In Lesotho, the first three months, or Phase II as we call it, is also deemed as lockdown, meaning we can’t travel anywhere over night or make trips out of district. My closest neighbor is about two hours a way and I get to see her fairly often for day-trips to Maseru, but most of my friends are spread throughout the country and it won’t be until the end March till I see them again. I can’t run down the hill to Katie or Caitlin’s house when I need to laugh with someone nor can Lauren and James sit on my porch to enjoy zimbas and Fanta over venting.

My connection to home is also fading. Although I have some incredible friends and family who have gone out of their way to remind me that I am loved, I feel so disconnected to their everyday lives. I miss watching TV with my mom after work. I miss coffee dates with Melissa. I miss the casual lunch or beer with old friends. The lack of those small moments hurt the most.
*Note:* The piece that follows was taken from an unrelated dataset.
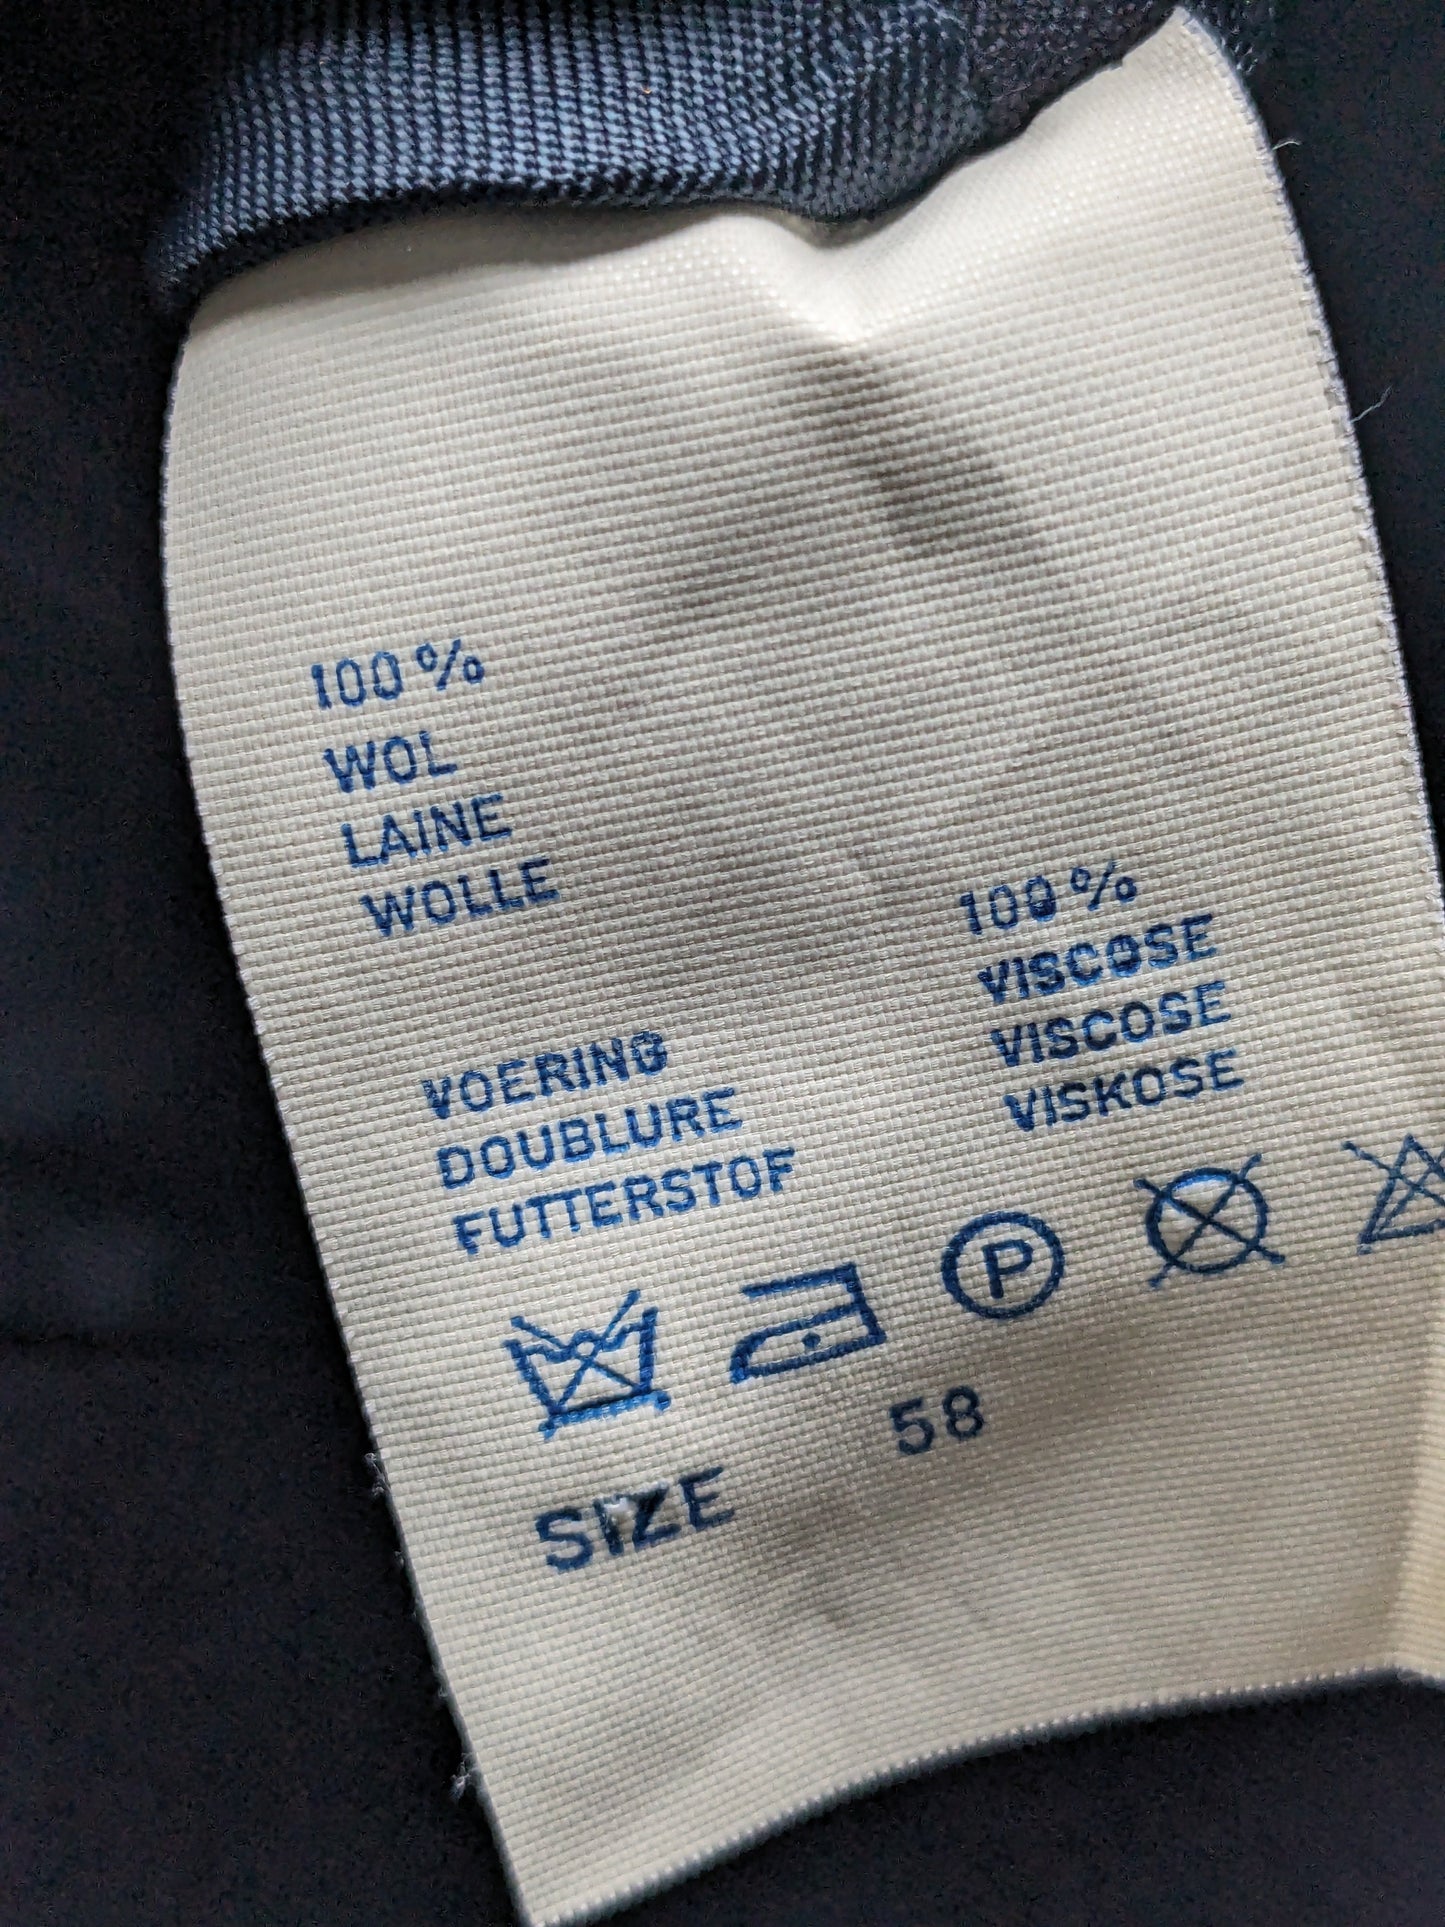 Veste en laine scapa vintage avec de beaux boutons. Couleur bleu foncé. Taille 58 / XL.

With all of this alone time, my thoughts wander into the back of my memory bank, uncovering moments and feelings I would never recall in everyday American life. Things that I never really got over or situations that were so painful it was best to bury them are now forcing me to replay them in my head. I go over broken friendships and relationships, sometimes twice, and wonder why I screwed up so much instead of accepting that those things are a part of life and allowing loneliness to sting sharper.

Loneliness is something we are taught to fear, an emotion we want to avoid if we can. Here, though, I can’t out run it. It hits me and brings out my burliest of insecurities. An unreturned message sends me into a panic that I have one less friend. A less than cheery from hello from bo-‘m’e worries me that I am not doing enough to integrate. All while, my mind is spinning memories and coming to a very scaring conclusion: I am alone.

But this concept doesn’t have to be so daunting; loneliness can become solitude.

I don’t need to fear my time alone. Instead, I can use it to focus on me and addressing some issues that I must in order to be the person I want to be. This can be an opportunity.

Next month, I plan to seize the last stint of Phase II and really focus on what is here and not what I am missing. I will also use that time to address this loneliness and what it is that I am really afraid of.